2. Urine Metabolomic Characterization Among Children with Different Tuberculosis Status
Tuberculosis (TB) remains a significant cause of morbidity and mortality among children, with around one million developing the disease, and more than half of those are under five years old. Progress has been observed, but a lack of routine reporting in the age groups results in insufficient data to guide intervention and determine treatment outcomes.

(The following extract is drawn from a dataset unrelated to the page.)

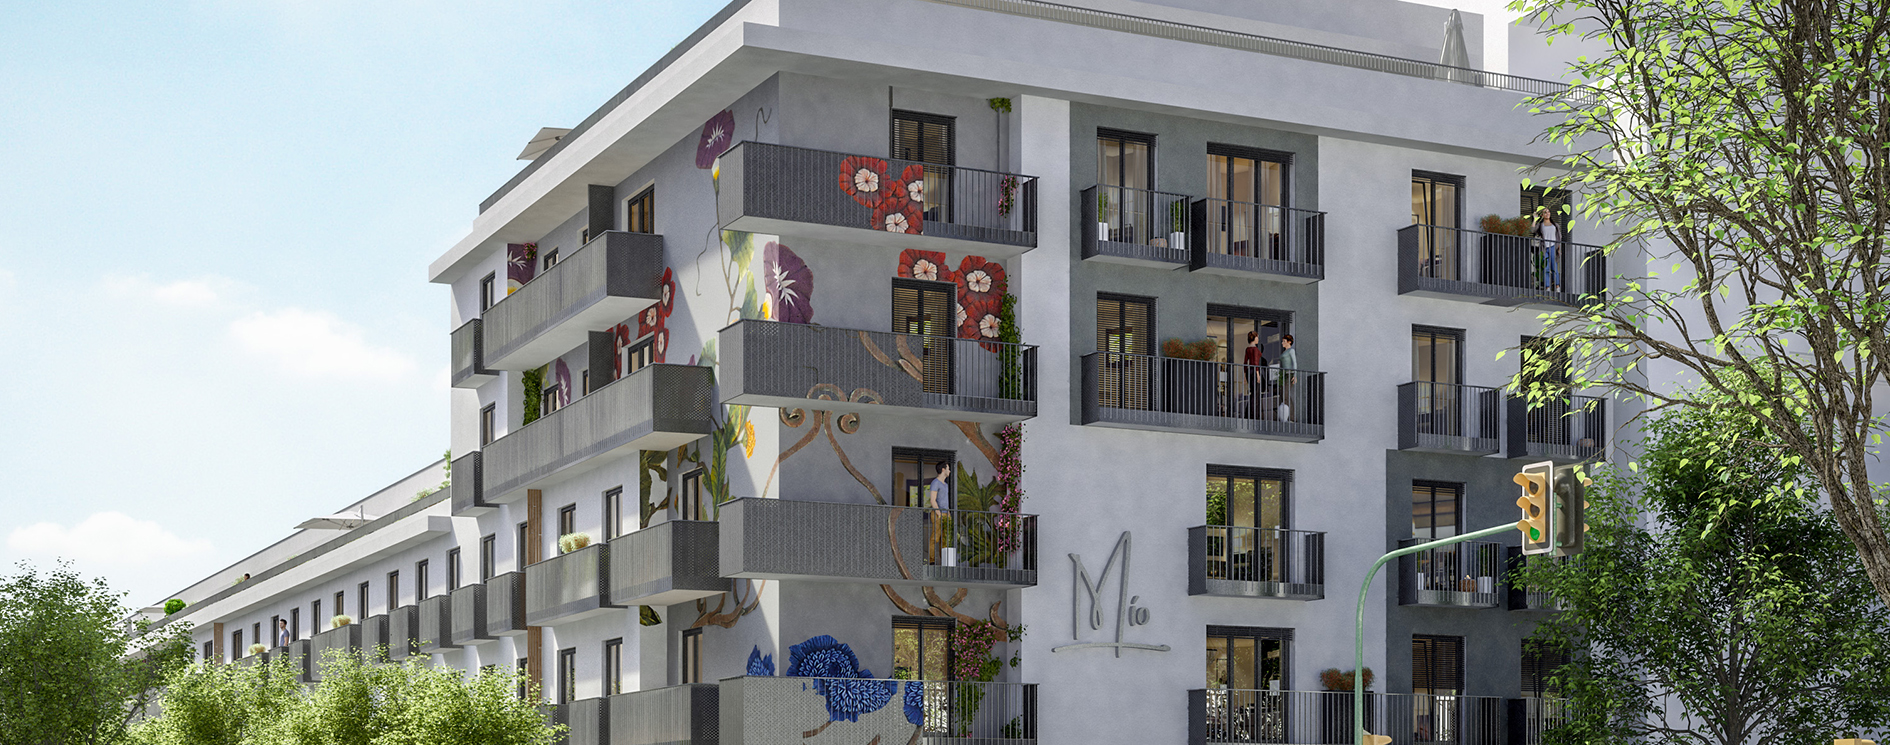 Projekt MÍO in Palma de Mallorca: Behörden erteilen Baugenehmigung für innovatives Wohnkonzept

In this study, urine metabolomic outputs will be profiled using Liquid chromatography-mass spectroscopy to determine the metabolic profile of four TB status in children; a) active TB infection, b) latent TB infection, c) healthy contacts, d) and converters to active TB. This non-invasive characterization to distinguish different TB pathologic status through urine metabolomic profiles should view altered cellular and or metabolic pathways that may aid in improving the diagnosis of children with TB, allow the early provision of anti-TB therapy, and monitor the effects of these employed therapies.